Контейнер котла L-IV все еще оставался погруженным в бассейн, а Гейзенберг уже мчался в Берлин на секретное совещание, где должна была определиться вся дальнейшая судьба немецкого уранового проекта. 4 июня немецким атомщикам предстояло встретиться со Шпеером и его ближайшими помощниками по министерству снабжения. Дело в том, что еще в апреле Геринг издал постановление, категорически запрещавшее проведение всех научно-исследовательских работ, результаты которых не сулят немедленного эффекта и смогут быть использованы только после войны. Этим же постановлением право принимать решения относительно судьбы той или иной научно-исследовательской работы предоставлялось только одному человеку Шпееру.
Участники совещания собрались в аудитории имени Гельмгольца, помещавшейся в здании Харнака, штаб-квартире Института кайзера Вильгельма в Берлин-Да-леме. На совещание вместе со Шпеером прибыли Карл-Отто Заур, его заместитель по вопросам техники, и профессор Порше, конструктор автомобиля «Фольксваген». В числе ученых находились Гейзенберг, Ган, Дибнер, Хартек, Виртц и профессор Тиссен, который в марте того года по собственной инициативе направил Герингу письмо о необходимости работ по расщеплению атома. Присутствовал также и доктор Альберт Фёглер — президент Фонда кайзера Вильгельма и Объединенной сталеплавильной компании. В дневниковой записи Гана в перечне присутствующих упоминаются и военные: начальник Департамента армейского вооружения генерал Лееб, начальник Лееба генерал Фромм, а также фельдмаршал Мильх [21] Интерес военных к взрывчатому веществу нового типа ярко демонстрирует высказывание Мильха, сделанное им через несколько дней после совещания: «Заключите с нашими специалистами по взрывчатым веществам контракт— скажите им, чтобы они разработали взрывчатку, которая сильнее всех других взрывчатых веществ! Мы обязаны найти средства, чтобы отомстить за Росток и Кёльн, и, когда мы начнем атаковать, мы должны заранее знать, что это есть единственный удар, который разрушает города».
и адмирал Витцель. Мильх в авиации, а Витцель в военно-морских силах выполняли те же функции, что Лееб в сухопутных силах.
Совещание началось сравнительно второстепенным докладом о новом типе миноискателя. А затем слово было предоставлено Гейзенбергу. Чтобы читатель яснее представил себе атмосферу, в которой проходило совещание, стоит напомнить, что именно с апреля того года королевская авиация начала свои рейды на города Германии. Любек, Росток, Кёльн уже были превращены в развалины, а Кёльн стал первым городом, который бомбила одновременно тысяча самолетов.

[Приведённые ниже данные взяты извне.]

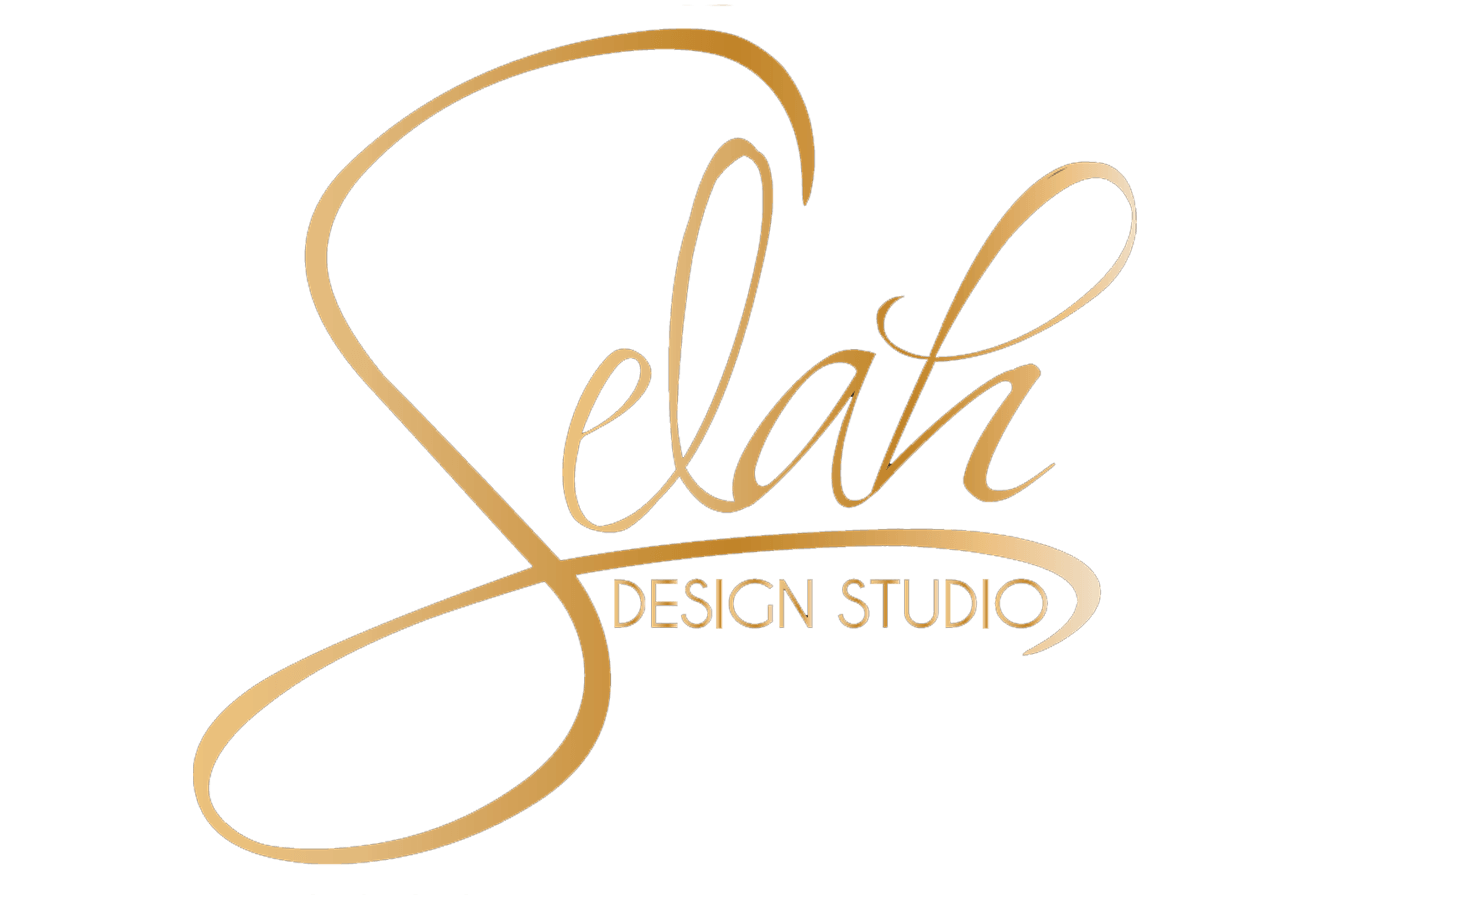 Selah Design Studio

Получив слово, Гейзенберг без обиняков заговорил о военном применении атомной энергии и объяснил, каким образом можно изготовить атомную бомбу. Последнее оказалось новостью для большинства присутствовавших, даже для руководителей Фонда кайзера Вильгельма, которые все еще связывали работы Гейзенберга лишь с созданием «атомной топки». Впоследствии секретарь Фонда доктор Тельшов говорил: «Слово «бомба», употребленное на совещании, оказалось новым не только для меня, но, судя по реакции, и для многих присутствовавших».
Из доклада Гейзенберга следовало, что теория указывает на существование двух взрывчатых веществ: урана-235 и элемента № 94 (плутоний). Сославшись на расчеты Боте, он указывал и на возможность расщепления быстрыми нейтронами и протактиния, сверхкритическая масса которого должна взрываться подобно сверхкритической массе элемента № 94 или урана-235. Однако получение достаточных количеств протактиния было нереально.
Когда Гейзенберг закончил доклад, посыпались вопросы, и именно эта часть совещания прочнее всего запечатлелась в памяти участников. Фельдмаршал Мильх поинтересовался возможными размерами атомной бомбы, способной разрушить город. Гейзенберг ответил, что заряд будет «не больше ананаса», и для наглядности показал размеры руками. Эти слова и жест физика вызвали в зале восторженный и в то же время тревожный ропот. Гейзенберг не замедлил умерить восторги, сказав, что, по его предположениям, американцы, если они серьезно взялись за работу в этой области, уже очень скоро создадут урановый котел, а еще года через два — урановую бомбу; в Германии же, по словам Гейзенберга, экономических возможностей сделать бомбу нет и не следует ожидать изготовления бомбы уже через несколько месяцев. «Я был очень рад, — вспоминал Гейзенберг через шесть лет, — оказать свое влияние на принятое решение. Действовавшие в то время приказы фюрера полностью исключали любые возможности сосредоточить на производстве атомной бомбы необходимые гигантские ресурсы».